Once they had stabilized him again, we knew that there was nothing we could to save him. Irreversible damage was being done by each of these episodes, and we knew he was in pain, and so with the blessing and encouragement of the doctor and nurses there, we did the only thing we felt like we could do: we had him disconnected from all of his wires, and let him snuggle on his mom’s chest. He passed away in our arms at about 1:45 am on Sunday, July 24.
Emmet and Finn
This will take a long time to process, and truthfully, it may be something we never fully process. For now, we have Finn to focus on, as well as Emmet and Finn’s older brother Dermot, who is old enough to have a personality that makes us smile, but young enough that he doesn’t yet understand what’s happened.
We’ll aim to provide periodic updates on Finn, who now carries the torch not just for himself, but for his big brother Emmet. It’s unfair to put such big hopes on such tiny shoulders, but Finn has already shown us how feisty he is, and given the chance, we know he can make us, and Dermot, and especially Emmet, proud.
A few days after all of this, we met with the neonatologist from the NICU that night. She said that as she had struggled to come to grips with what had happened on Saturday night and Sunday morning, and considered how it would impact our family in general and Finn in particular as we go through life, a thought occurred to her.

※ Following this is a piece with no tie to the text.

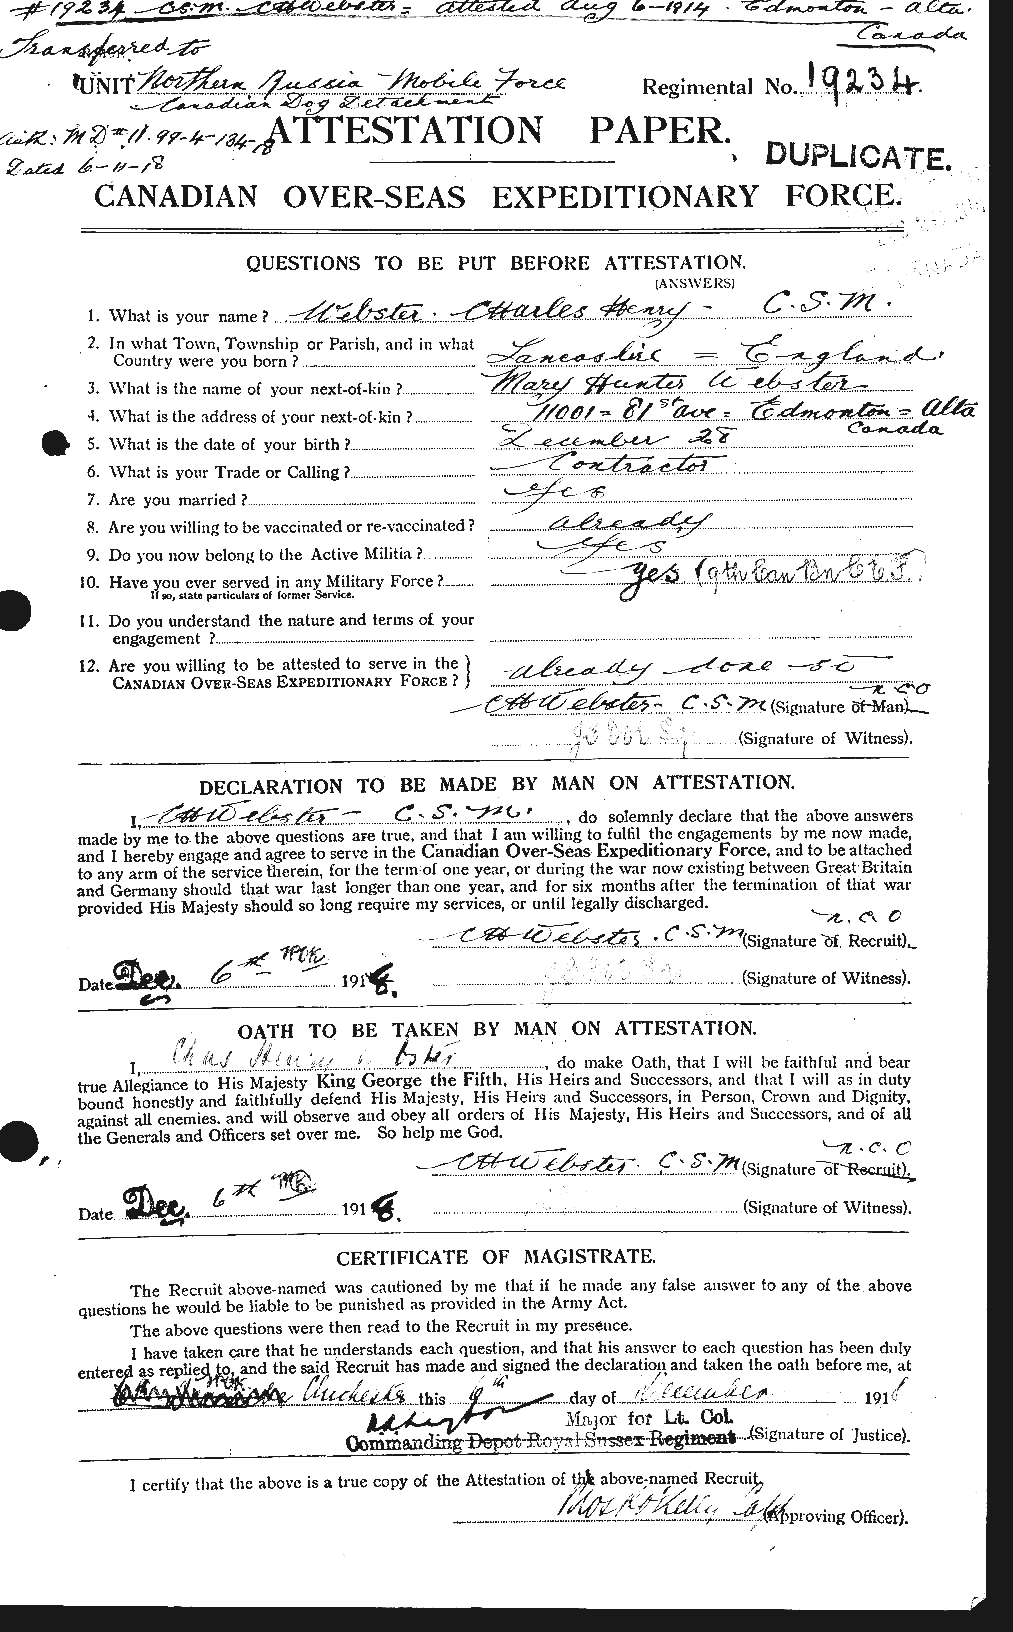 Personnel Records of the First World War - CEF 670297a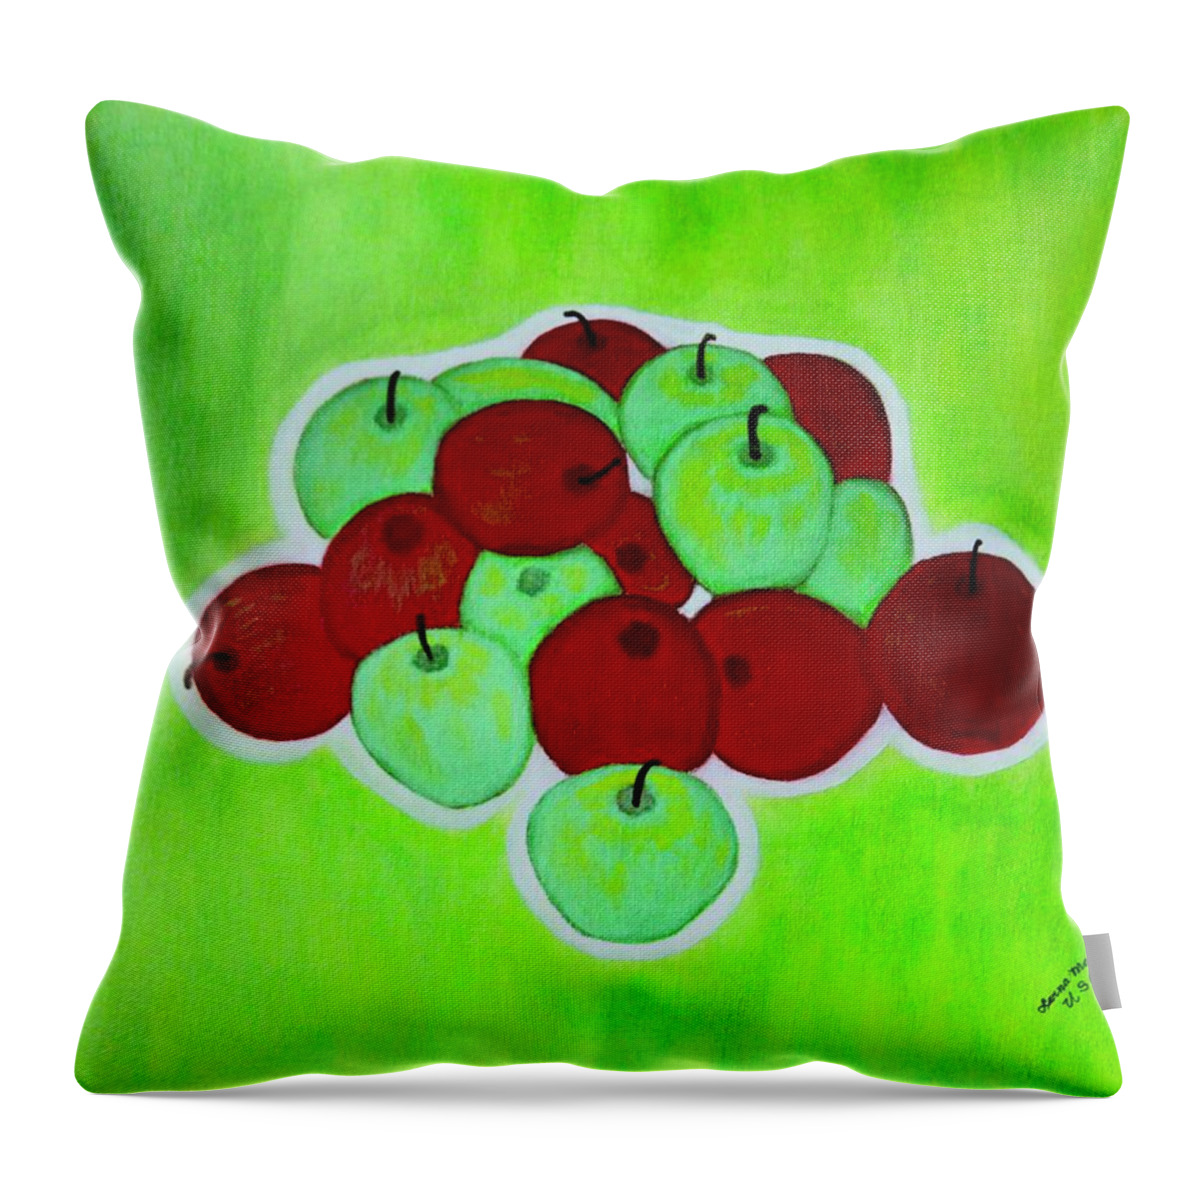 Apparel Throw Pillow featuring the painting Green And Red Apples by Lorna Maza

“Finn and Emmet didn’t just spend 25 weeks together in utero. While everyone else who was in that room during Emmet’s 13 hours of life came and went — there was a change in nursing shift, I was in and out, and even you (Shannon and Kevin) were there for part of Emmet’s time here but not all of it — Finn never left his side. When you tell Finn someday about his twin brother, you can tell him that he was by his brother’s side for his brother’s entire life. And I think that will really mean something to him.”